12:00pm Monday 25th May 2009
A NUMBER of famous faces will be among those supporting a new welfare campaign to be launched by the British Horse Society (BHS) at Badminton.
The society’s Drawing the Line on Indiscriminate Breeding campaign will see a host of celebrities from the horse world and beyond producing original works of art that will be auctioned in support of the BHS campaign against the over-production of horses.
Several equestrian greats have shown their support, including Lucinda Green and triple Olympic gold medallist Matt Ryan. Many other celebrities will produce their own piece of artwork over the coming year.
Mary King is one of the riders supporting the campaign. She said: “In the UK, we end up producing too many unsuitable horses and ponies which face an uncertain future.
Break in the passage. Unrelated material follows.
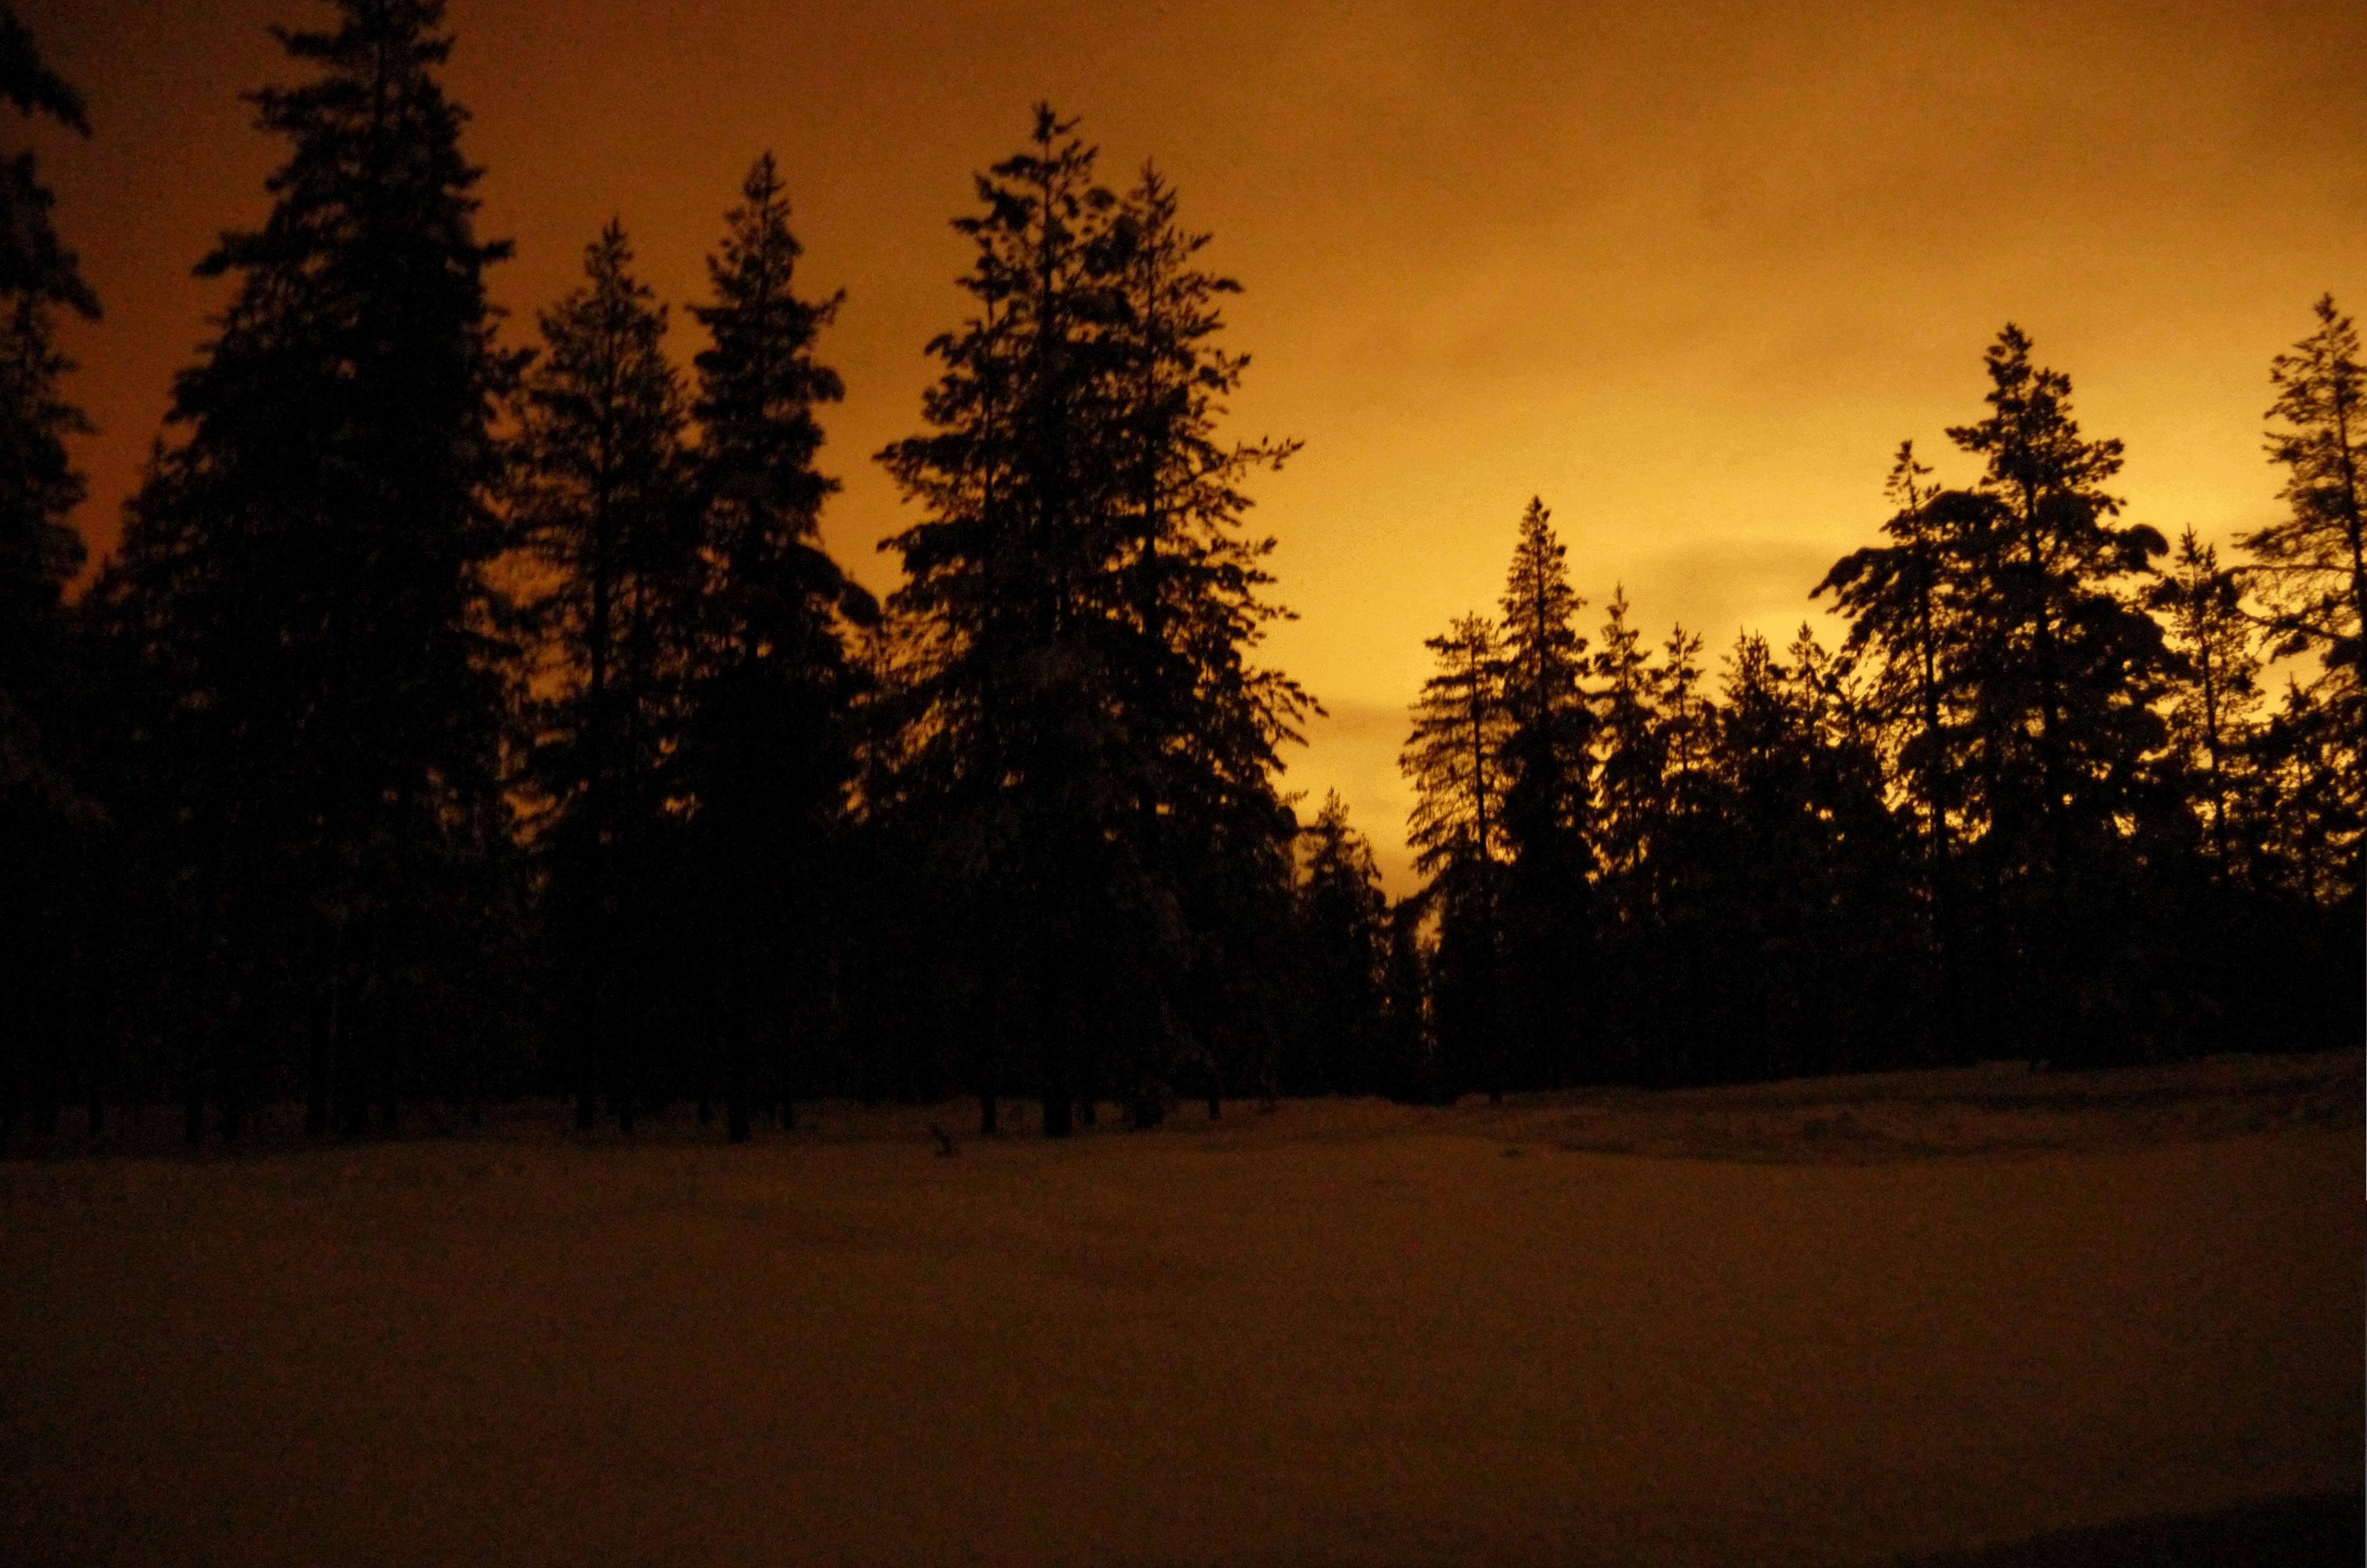 Bäume in der Dunkelheit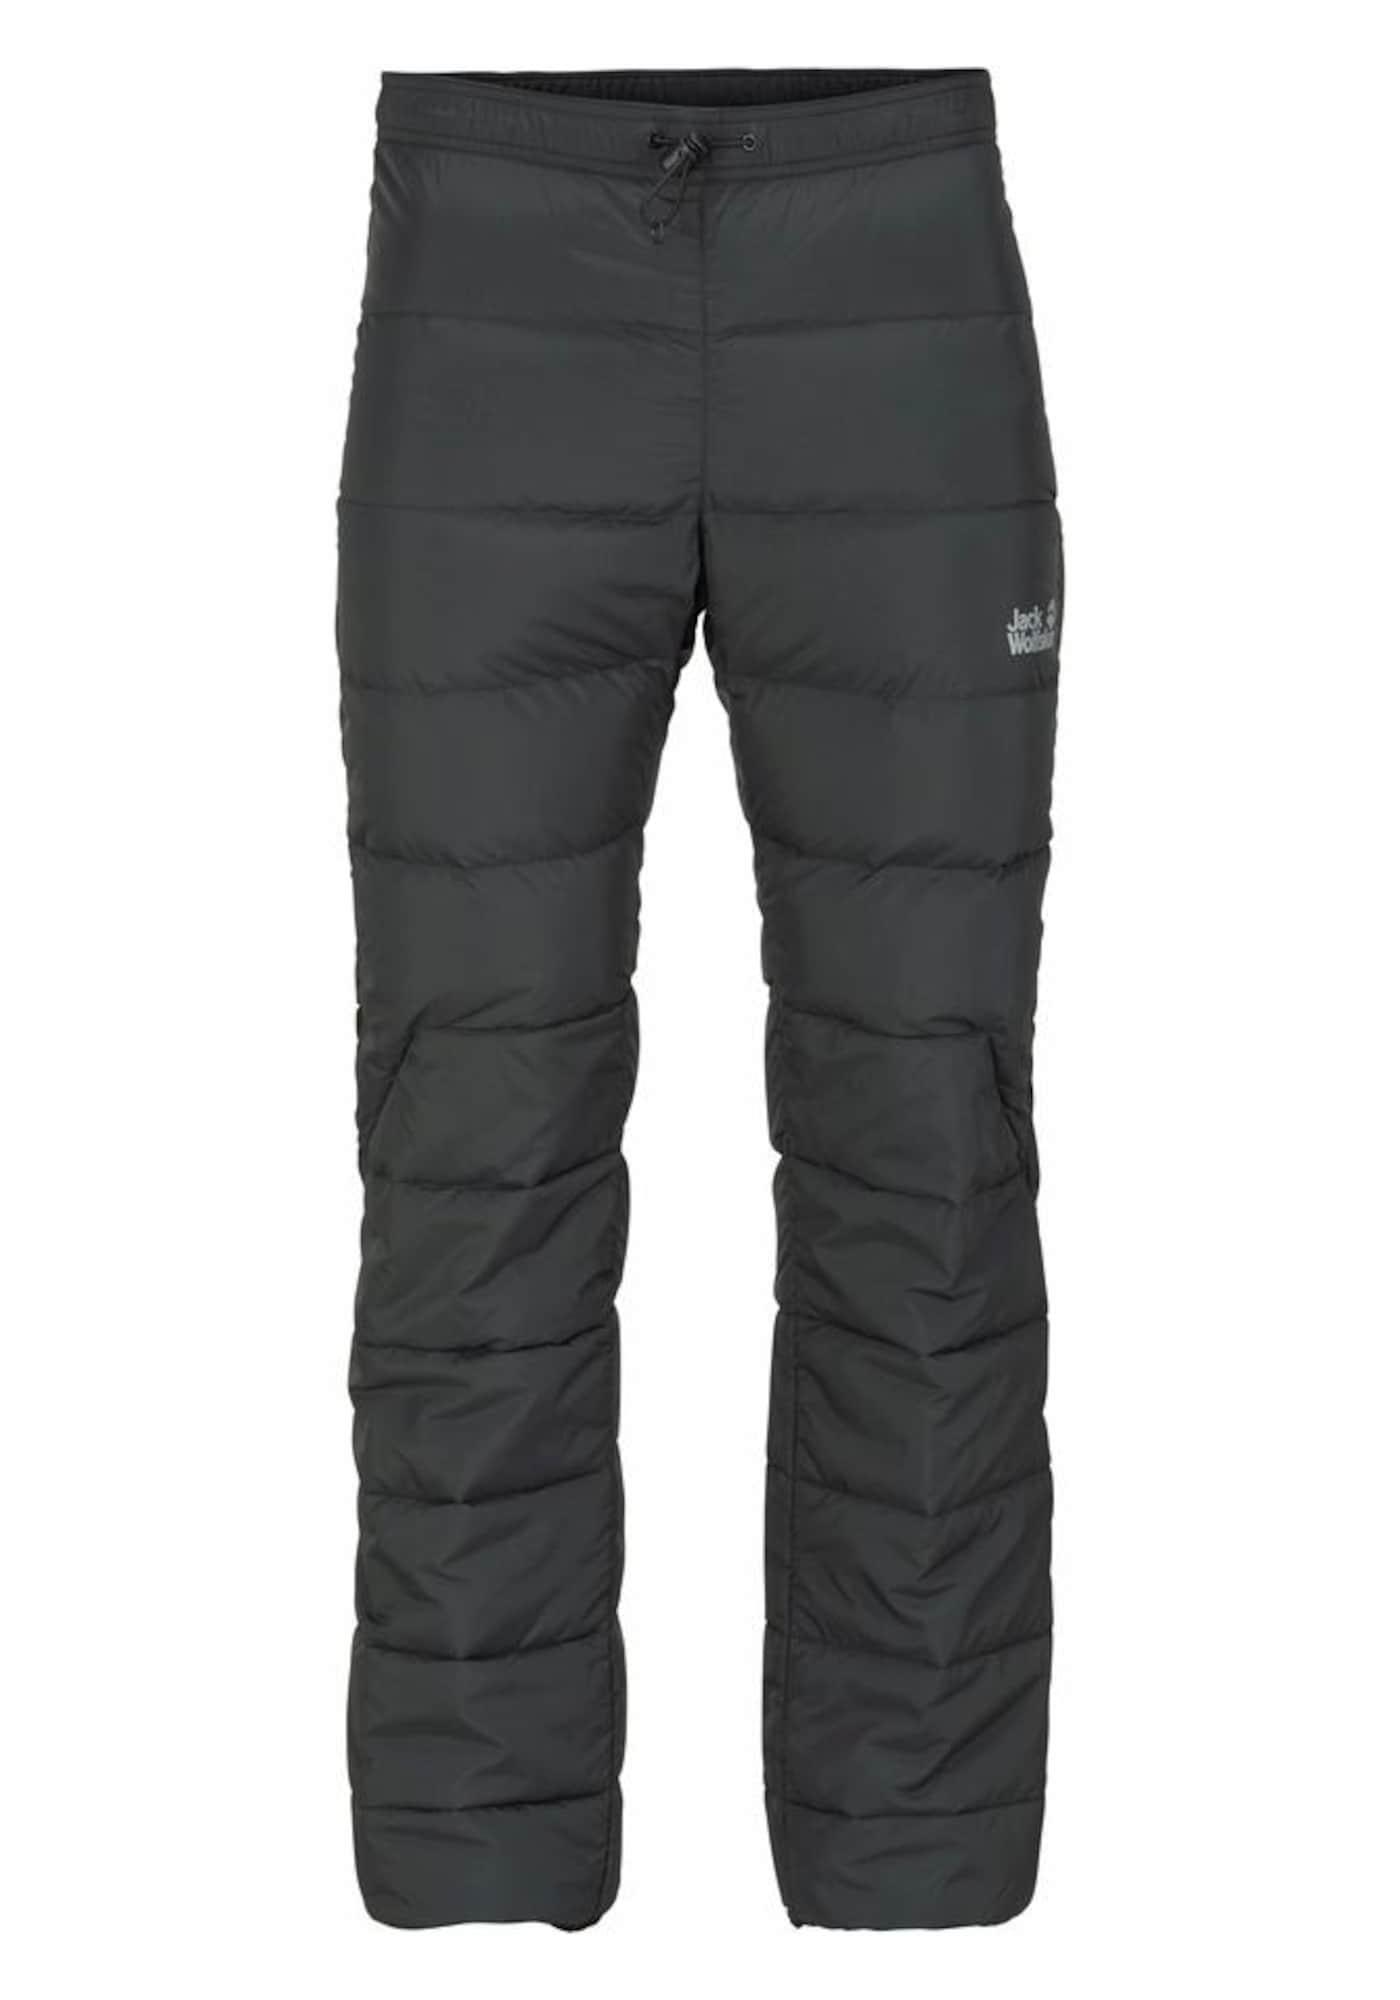 Outdoorové kalhoty ATMOSPHERE PANTS černá JACK WOLFSKIN

That’s why I support the British Horse Society’s campaign.”
As one of the UK’s leading horse welfare charities, the British Horse Society takes the view that most of the welfare problems in this country can be traced back to one cause – we simply have more horses and ponies than we have experienced and knowledgeable homes to care for them.
The issue has been brought into even sharper focus by the economic difficulties faced by many horse owners in the recession. Equine charities have been reporting a huge increase in the number of requests for help for some time.
The British Horse Society, in common with other welfare organisations, responds annually to hundreds of reports of suffering and neglected horses.
At some markets, it is currently possible to buy a young, unhandled horse for just £30, a similar price to a rabbit from a pet shop. The future faced by horses changing hands for such small sums of money has to be open to serious question.
Lee Hackett, head of BHS welfare, said: “Putting an end to the indiscriminate breeding of low-quality horses and ponies will mean a more secure future for those that are bred.
“Put simply, fewer horses means better welfare.”